HSBC’s investor-clients also maintain Philippine peso and other foreign currenct accounts, managed
through electronically messaged instructions. These instructions are known as SWIFT or Society for
Worldwide Interbank Financial Telecommunication.

HSBC purchased and paid Documentary Stamp Tax from September to December 1997 and January to
December 1998 amounting to 19 572 992.1 and 32 904 437.3 respectively.

BIR then issued BIR Ruling to the effect that instructions or advices from abroad on the management of
funds located in the Philippines which don’t involve transfer of funds are not subject to DST. A DST shall
be imposed on any bill of exchange or order for payment purporting to be drawn in a foreign country but
payable in the Philippines.

The BIR Ruling is issued for the effect that instructions or advises from abroad on the management of
funds located in the Philippines which do not involve transfer of funds from abroad are not subject to DST.
Any bill of exchange must imposed a documentary stamp tax or order for payable purporting to be drawn
in another country but payable here in Philippines.

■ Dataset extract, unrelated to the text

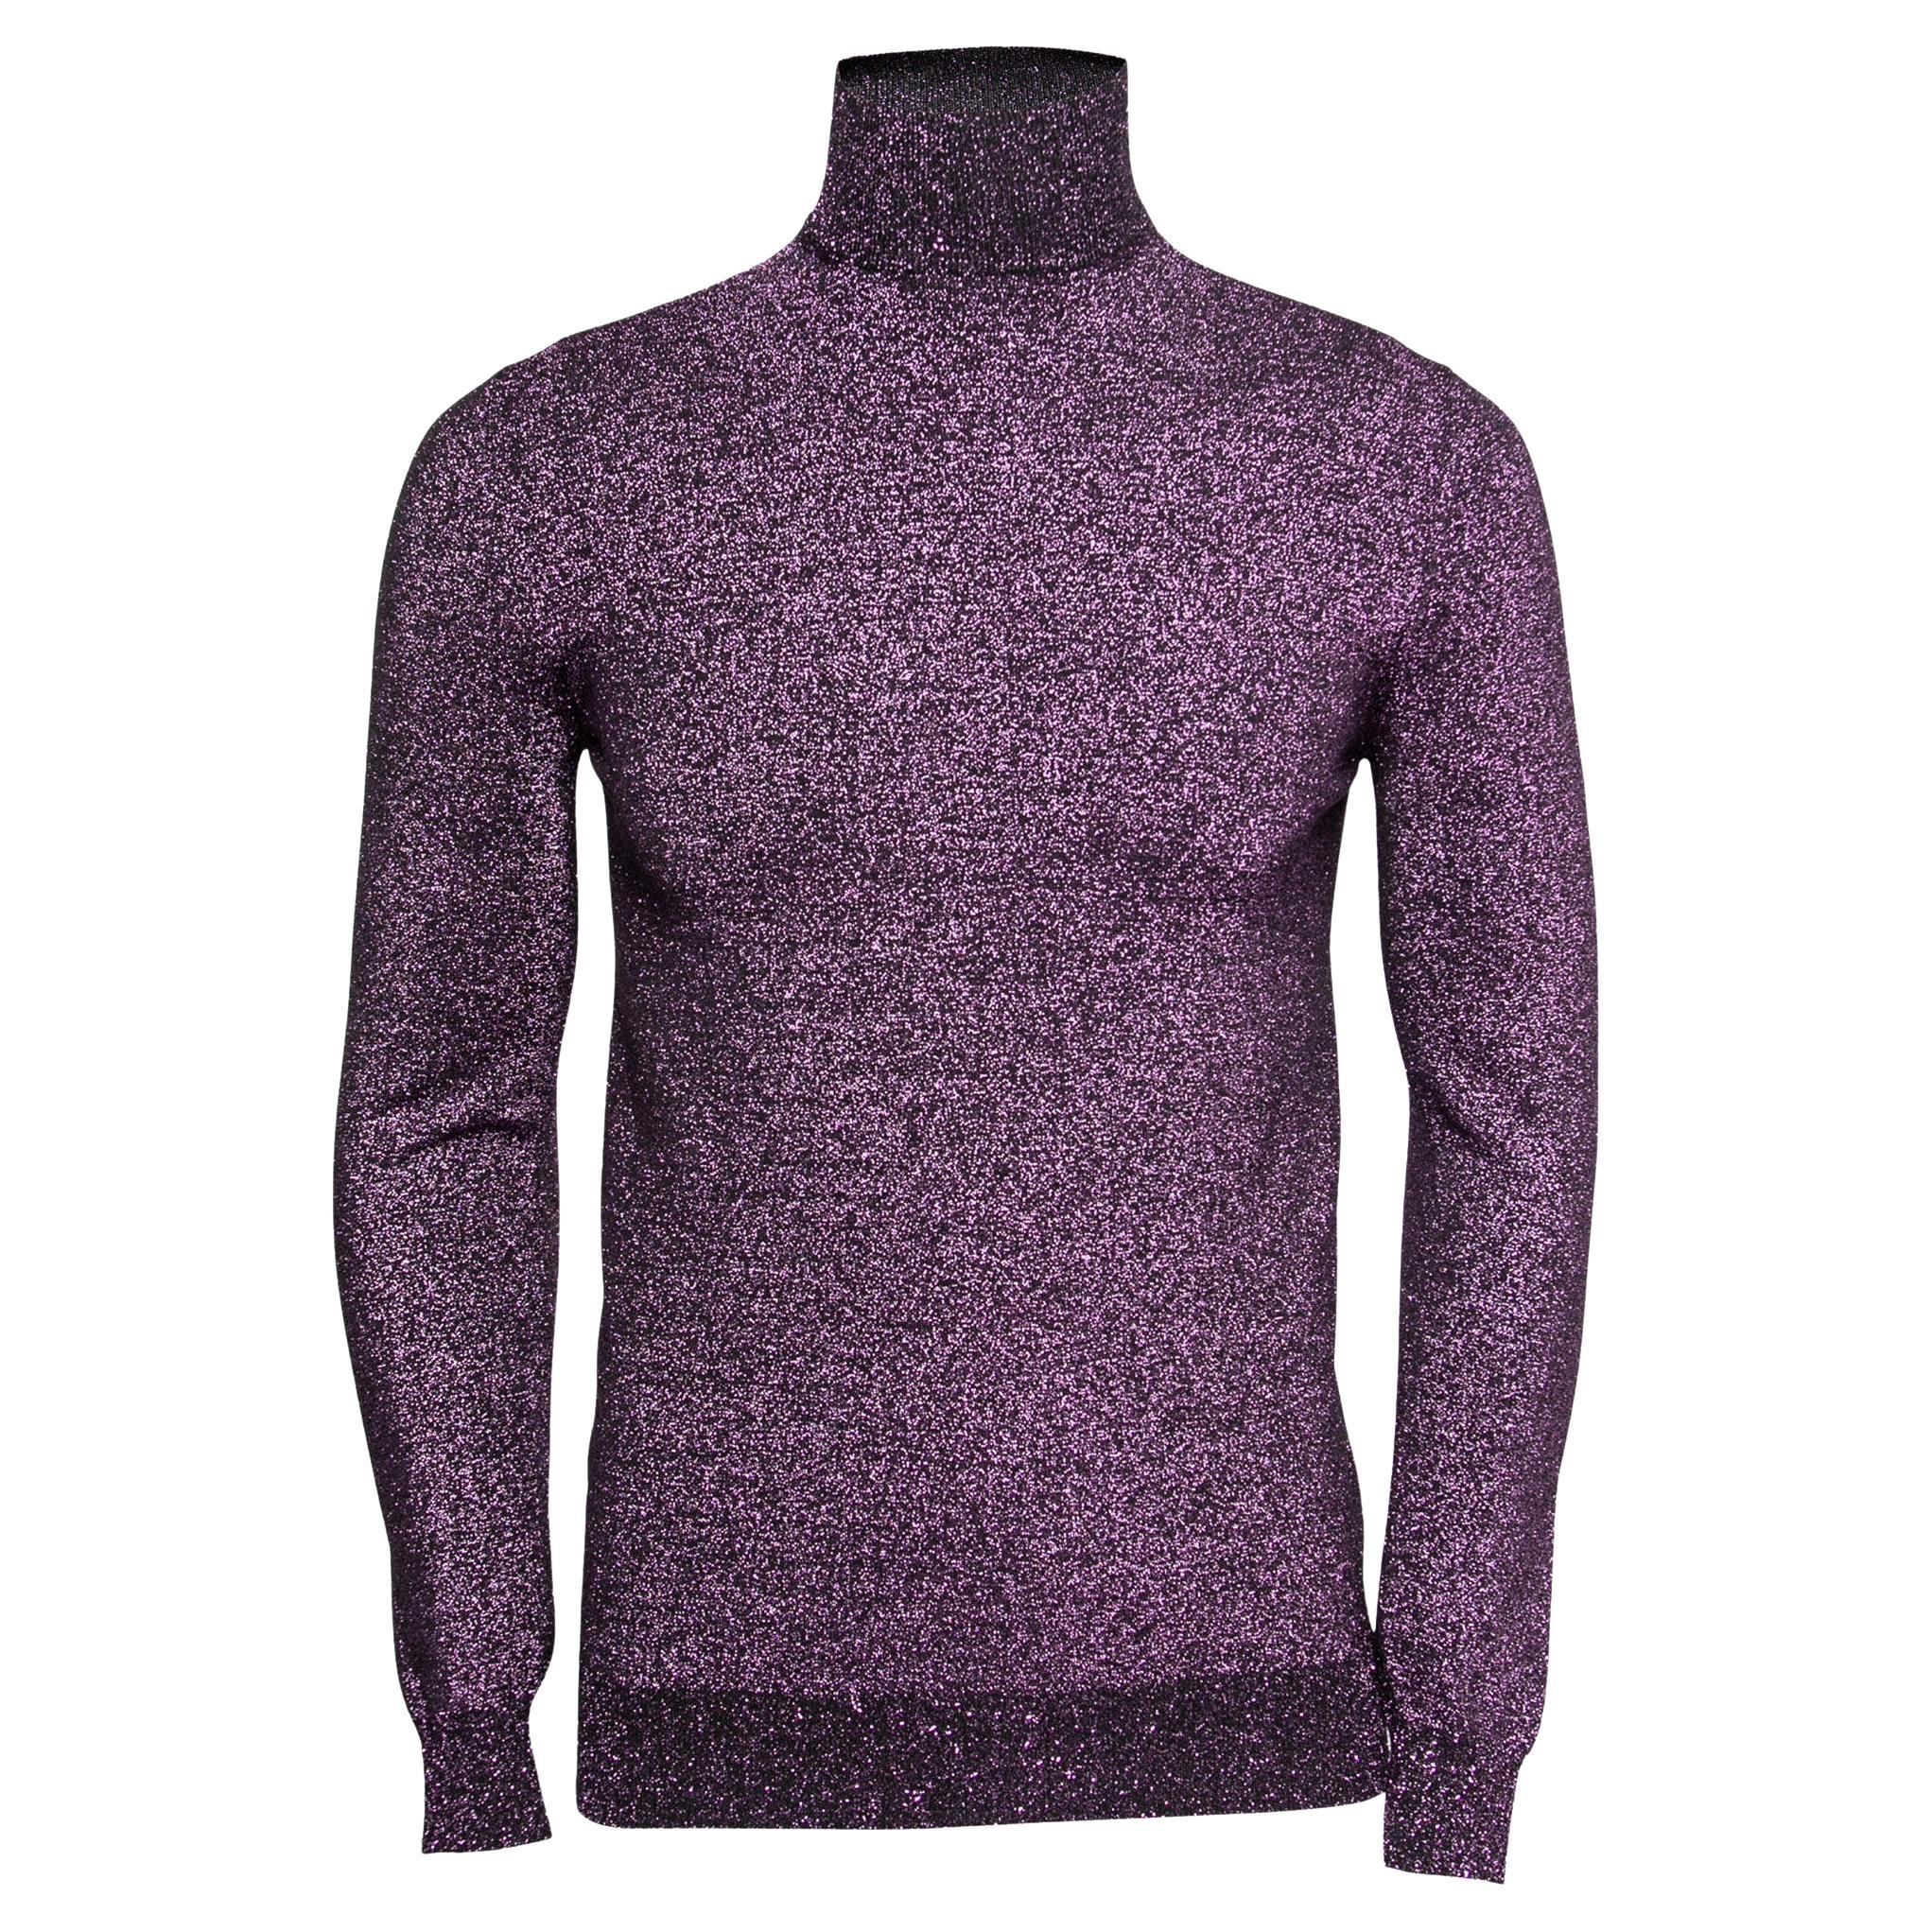 Prada Metallic Purple Lurex Knit Turtle Neck Long Sleeve Sweater L

ISSUE: Whether or not the electronic messages are considered transactions pertaining to negotiable instruments that
warrant the payment of DST.

HELD: NO.

The Court agrees with the CTA that the DST under Section 181 of the Tax Code is levied on the acceptance or payment
of "a bill of exchange purporting to be drawn in a foreign country but payable in the Philippines" and that "a bill of
exchange is an unconditional order in writing addressed by one person to another, signed by the person giving it,
requiring the person to whom it is addressed to pay on demand or at a fixed or determinable future time a sum certain
in money to order or to bearer."

The Court further agrees with the CTA that the electronic messages of HSBC’s investor-clients containing instructions
to debit their respective local or foreign currency accounts in the Philippines and pay a certain named recipient also
residing in the Philippines is not the transaction contemplated under Section 181 of the Tax Code as such instructions
are "parallel to an automatic bank transfer of local funds from a savings account to a checking account maintained by
a depositor in one bank." The Court favorably adopts the finding of the CTA that the electronic messages "cannot be
considered negotiable instruments as they lack the feature of negotiability, which, is the ability to be transferred" and
that the said electronic messages are "mere memoranda" of the transaction consisting of the "actual debiting of the
[investor-client-payor’s] local or foreign currency account in the Philippines" and "entered as such in the books of
account of the local bank," HSBC..

In these cases, the electronic messages received by HSBC from its investor-clients abroad instructing the former to
debit the latter's local and foreign currency accounts and to pay the purchase price of shares of stock or investment in
securities do not properly qualify as either presentment for acceptance or presentment for payment. There being neither
presentment for acceptance nor presentment for payment, then there was no acceptance or payment that could have
been subjected to DST to speak of.

WHEREFORE, the petitions are hereby GRANTED and the Decisions dated May 2, 2002 in CTA Case No. 6009 and dated December
18, 2002 in CT A Case No. 5951 of the Court of Tax Appeals are REINSTATED. SO ORDERED.